They waded through the surf at Huntington Beach State Park and trekked through swamps on Hobcaw Barony. They got muddy and pinched by crabs in the North Inlet marsh. They found carnivorous plants and giant cypress knees in a mysterious Carolina bay. They stood in a swamp in the dark.
Congratulations to the latest 10 graduates of the Winyah Master Naturalist program!
The Winyah Master Naturalist Program provides field-based training for community members to develop the skills necessary to become active stewards of our coastal habitats. Since the first class was offered in 2007, 113 participants have completed the 12-week course facilitated by the NI-WB Reserve. The Reserve is one of six host sites of the South Carolina Master Naturalist Program.

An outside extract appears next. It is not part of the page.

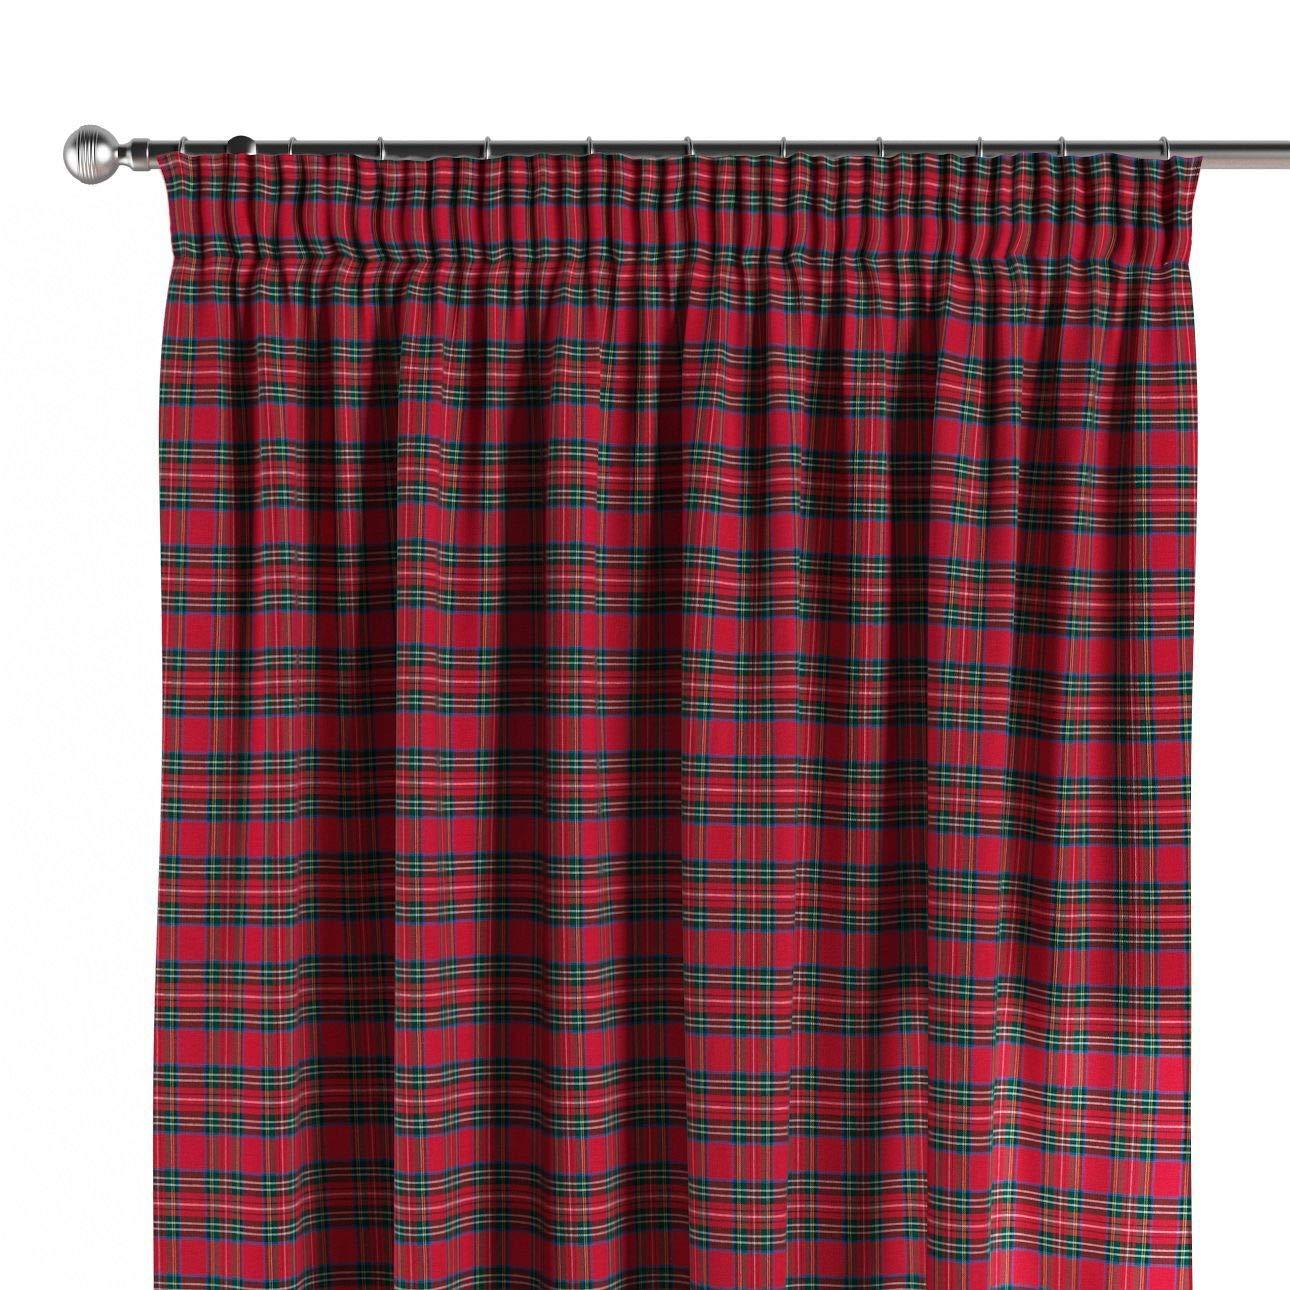 Dekoria Vorhang mit Kräuselband Dekoschal Blickdicht 1 Stck. 130 × 260 cm rot-grün Maßanfertigung möglich

Environmental education programs such as the Master Naturalist Program help to strengthen links between knowledge and action and promote community involvement in stewardship activities including research, education and activism. Graduates of the course monitor sea turtle nests, study painted buntings, explore the salt marsh with school groups, and lead community efforts to protect our coastline. They volunteer for stewardship activities such as beach sweep and river sweep. They are on hand to help the Reserve when we need assistance with education events or sampling for research projects.
Non-professional naturalists have a long history of contributing observations that help to inform conservation actions. Before science became a profession in the 19th century, amateur naturalists were collecting data on rainfall, bird behavior, and bloom times. They were describing in detail flowers, mushrooms, and sea creatures, conducting experiments in their gardens, and curating collections that would become the centerpieces of natural history museums. Over a century’s worth of data collected by volunteer observers during the Christmas Bird Count, a tradition begun by the Audubon Society in 1900, has provided researchers, conservation biologists, and wildlife agencies with vital information on the long-term health and status of bird populations across North America. And the trend continues; a recent study in Europe found non-professional taxonomists were responsible for more than 60 percent of new multicellular land and freshwater animal species descriptions from 1998 to 2007.
Having a corps of trained stewardship volunteers is becoming increasingly important in meeting the conservation challenges of our coast. Volunteer researchers and educators are providing critical services at a time when funding for these activities can be sparse. Additionally, participants in stewardship programs gain a deeper experience in understanding the issues and can become the best advocates for conservation actions in our community.